La montée du niveau des mers est inexorable.

Depuis le début de la semaine, des climatologues français s’interrogent, dans un colloque co-organisé par l’Iddri et l’IPSL, sur les stratégies d’adaptation au changement climatique. Souvent complexes à élaborer, ces planifications d’organisations nouvelles ou de grands travaux doivent pourtant être mises en œuvre dans des délais raisonnables.

Longtemps, les politiques ont mis l’accent sur l’atténuation du changement climatique. Des années durant, les stratégies climatiques des Etats fixaient comme priorité la réduction des émissions de gaz à effet de serre. C’était sans doute les actions les plus «simples» à mener et celles qui ont connu les développements les plus rapides: marchés des quotas d’émission, développement des énergies renouvelables, technologies de captage et de stockage de CO2, etc. Frapper les émetteurs était aussi une façon pour nos dirigeants de refuser, inconsciemment, le caractère irrépressible des conséquences du réchauffement.

Depuis une dizaine d’années, pourtant, l’adaptation est de sortie. Dès 2007, la France publie une stratégie nationale. Suivie deux ans plus tard par le Livre blanc de la Commission européenne. Hélas, ces programmations ont parfois bien du mal à sortir des tiroirs. Plusieurs raisons à cela. «Beaucoup d’incertitudes restent à lever, explique Sylvie Joussaume, directrice de l'Institut national des sciences de l'univers (CNRS). Les scénarios d’évolution du climat sont fortement tributaires de nos comportements futurs, mais aussi de la capacité des modèles à les scénariser. Sans oublier la variabilité naturelle du climat qui est, elle aussi, source d’incertitude.»

 

Les zones dangereuses ne sont pas sûres

Spécialiste des questions d’adaptation et de vulnérabilité à l’Iddri[1], Alexandre Magnan pointe d’autres difficultés. «L’homme consomme de plus en plus d’espaces naturels, et notamment des écosystèmes, comme la mangrove, qui le protègent des aléas naturels. Nous traitons ces vulnérabilités de façon ingénieriste. Par exemple, en élevant des digues pour nous protéger de la montée du niveau de la mer. Ces ouvrages nous font oublier le danger. Résultat: nous nous installons dans des zones que nous croyons sûres alors qu’elles sont toujours à risque.»

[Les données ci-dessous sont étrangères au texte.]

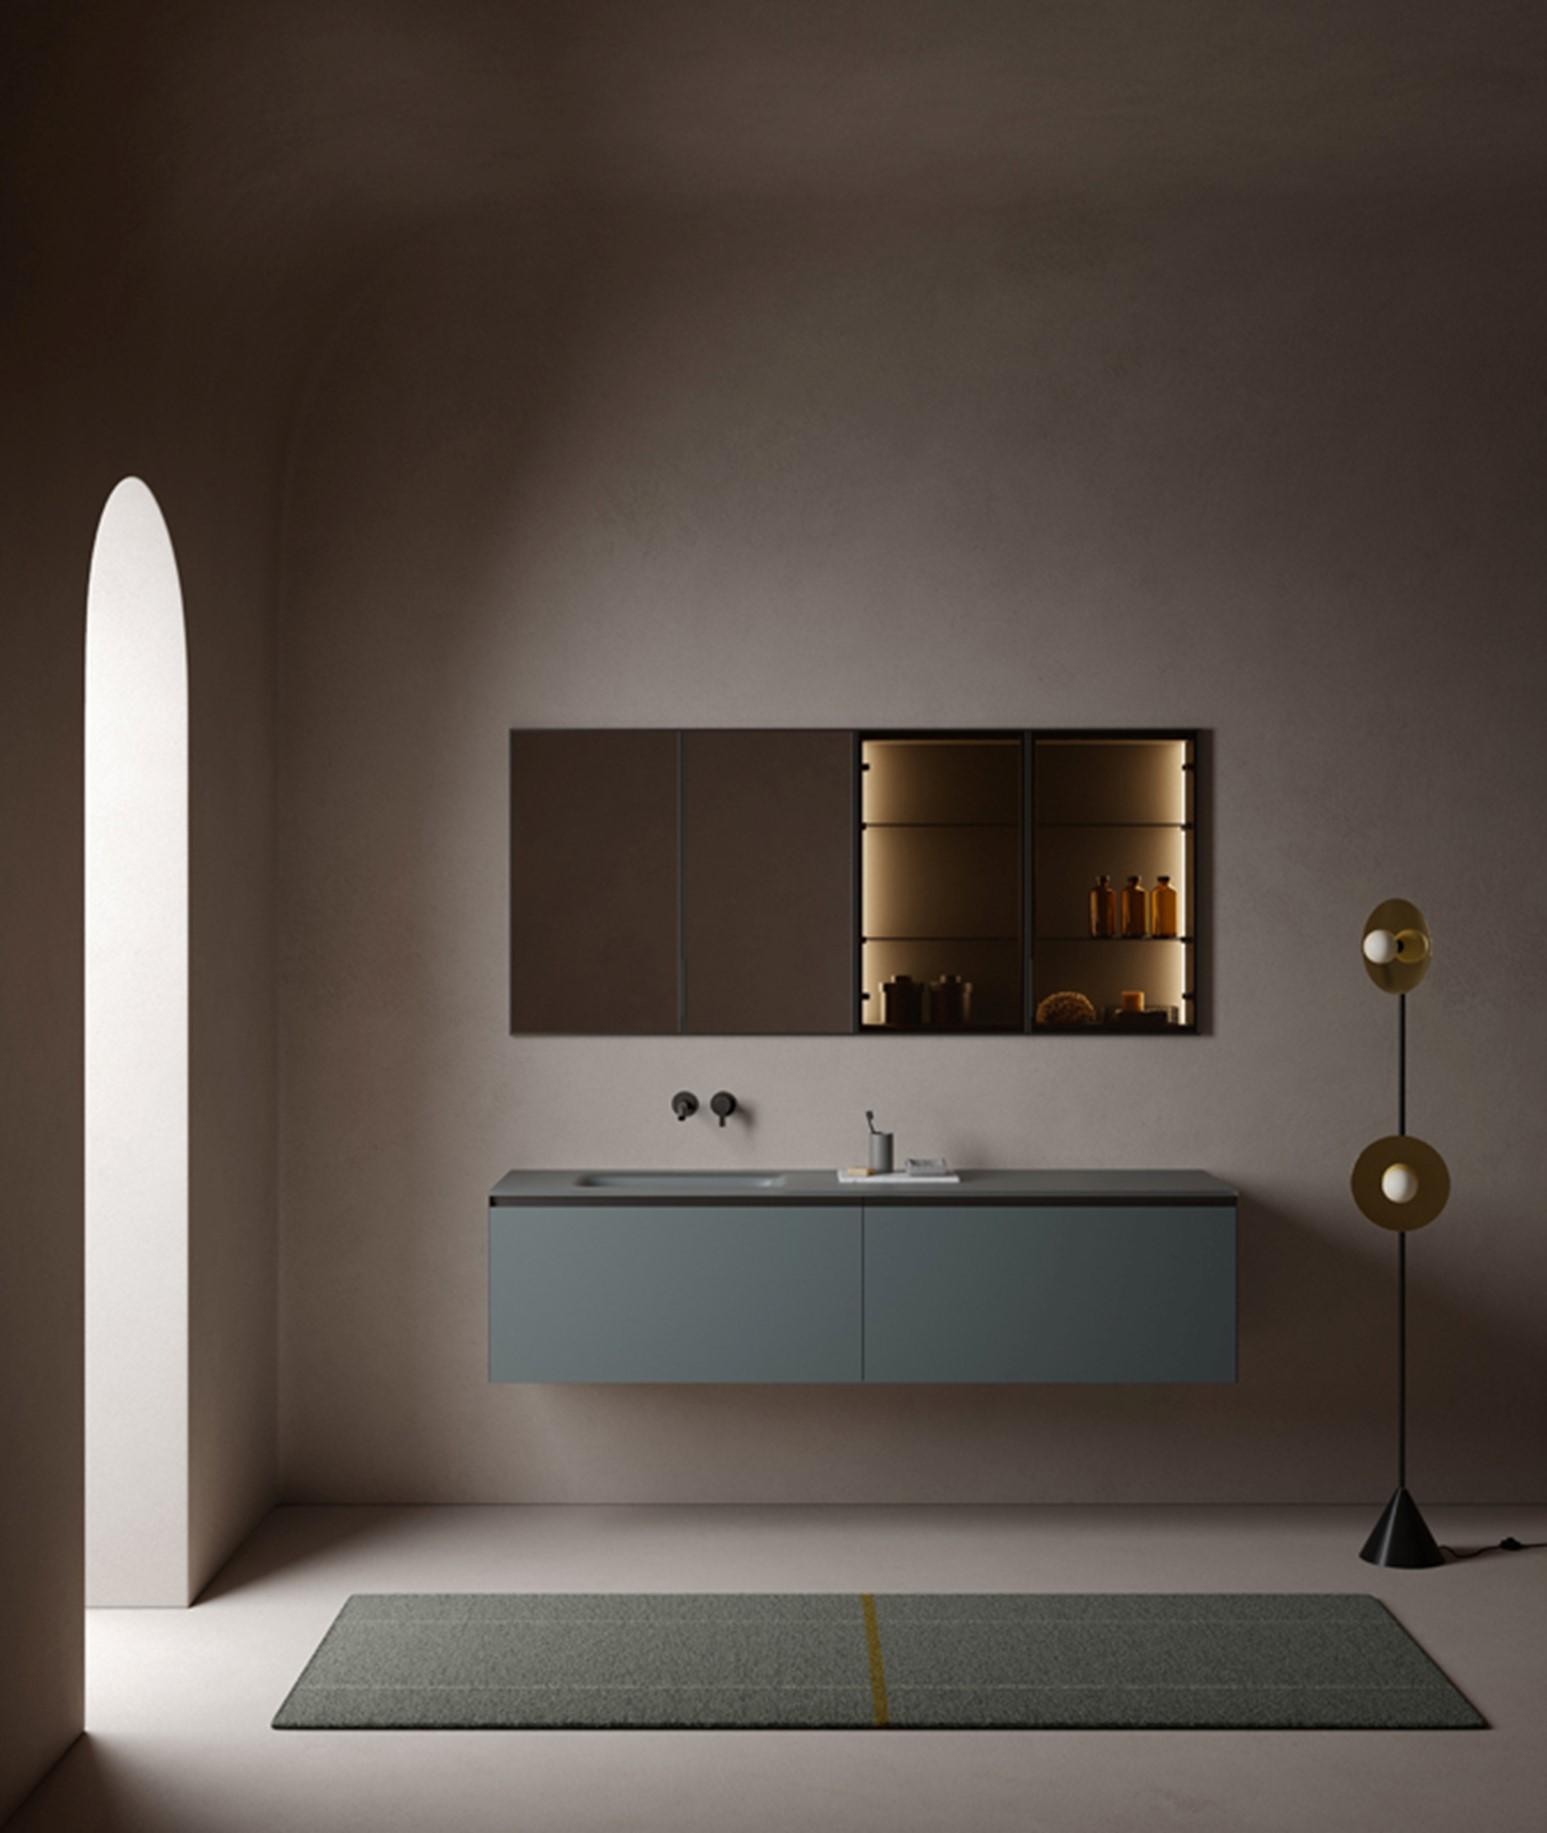 Floating Bathroom Vanity Height

Bien décrites par le dernier rapport du Giec[2], les conséquences des changements climatiques ne sont pas toujours appréciées de la même façon par tous. «Lors de l’élaboration du rapport de synthèse du dernier rapport du Giec, il a fallu modifier un graphique qui déplaisait aux délégués africains. En effet, l’un des principaux effets du réchauffement en Afrique qui y était décrit est la disparition des glaciers», rappelle le climatologue Hervé Le Treut (IPSL[3]). Un sujet effectivement peu vendeur auprès des gouvernements du continent. D’un acteur à l’autre, l’appréciation des conséquences du réchauffement diffère: «Pour EDF, une vague de froid, c’est deux jours consécutifs où la température ne dépasse pas 0°C. Pour GDF, il faut 15 jours consécutifs à cette température pour que l’on évoque une vague de froid», résume la climatologue Pascale Braconnot (LSCE[4]).

 

Mission impossible?

Mission impossible, l’adaptation? C’est ce qu’a voulu savoir la chercheure du LSCE. Cette spécialiste de la modélisation des cycles biogéochimiques a lancé, il y a 4 ans, le programme Secif. Réunissant une dizaine d’institutions de recherche et d’entreprises, ce partenariat vise à développer des «services climatiques pour les industries françaises». Financé par les Investissements d’avenir, ce partenariat est original à plus d’un titre. «Il s’agit de partir d’une demande précise d’un acteur, comme une collectivité ou une entreprise, pour modéliser l’évolution d’un climat local et ses conséquences pour l’activité socio-économique locale», explique Céline Déandréis (IPSL).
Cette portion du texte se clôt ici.